Purpose: To investigate the optimal frequency of imaging during follow-up to detect glaucoma progression by characterizing variability (noise) in neuroretinal rim area (RA) measured by Heidelberg Retina Tomograph (HRT; Heidelberg Engineering, Heidelberg, Germany).
Methods: RA noise was estimated from patient data and characterized by fitting theoretical distributions to the observed data. Multilevel regression was used to determine factors that significantly affect noise. Computer simulations of disease progression were performed by adding noise generated from the distribution derived from the observed data to the average rate of loss in RA estimated from longitudinal data. Rates of detection of disease progression were investigated for various progression rates, follow-up periods, and rates of imaging.

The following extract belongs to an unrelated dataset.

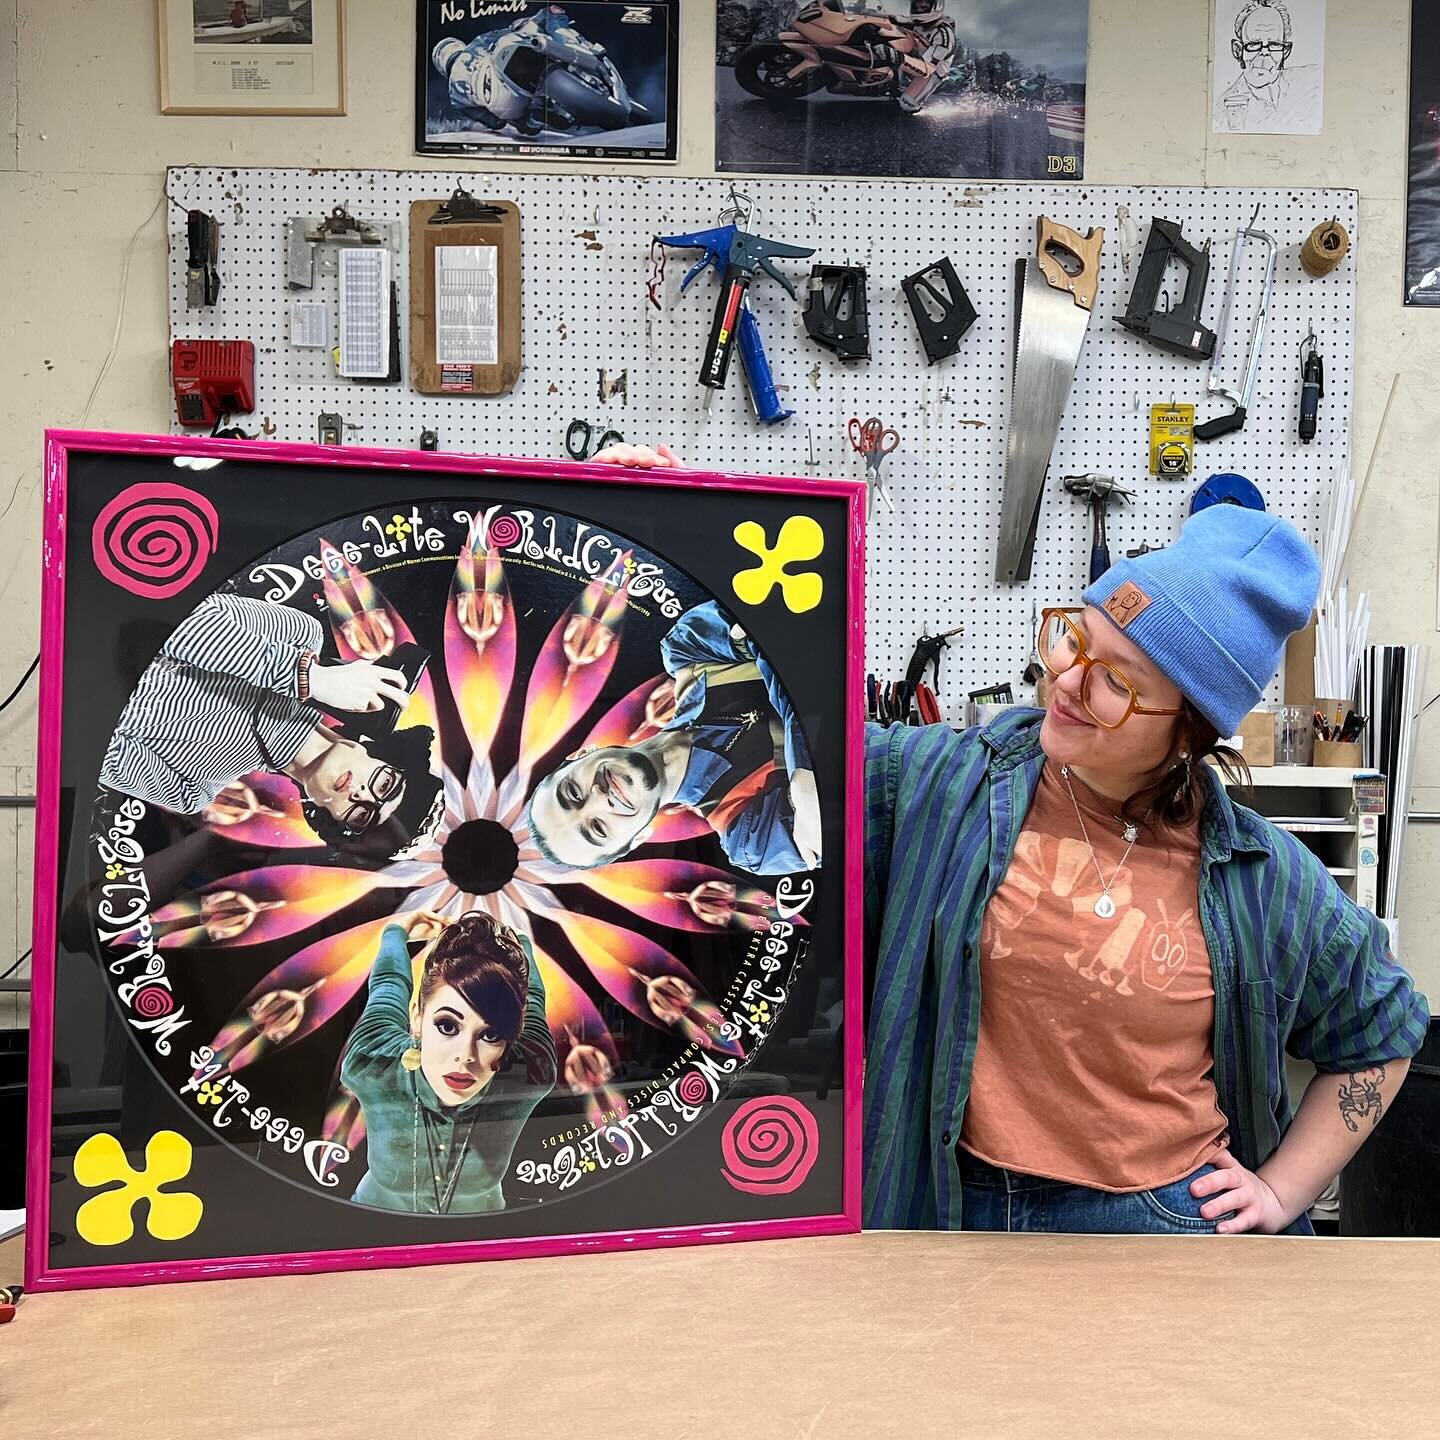 The real beauty of custom framing lies in just how custom the process can actually get..This morning Maddie finished hand-painting these corner decals on the matboard for this awesome Deee-Lite poster that was brought into the shop a few weeks back.

Results: Noise was not normally distributed and was best characterized by the hyperbolic distribution, which fit averages well while allowing for extreme values. Noise was greatly influenced by image quality, but age did not have a significant effect. Rates of detection improved for more frequent imaging, better quality images, and faster rates of disease progression.
Conclusions: Noise in HRT measurement of RA is well characterized by the hyperbolic distribution. Sensitivity of detection improves with more frequent testing, but if consistently poor-quality images are yielded for a patient, the probability of detection is low. Results from this work could be used to tailor individual follow-up patterns for patients with different rates of RA loss and image quality, especially in a clinical trial setting.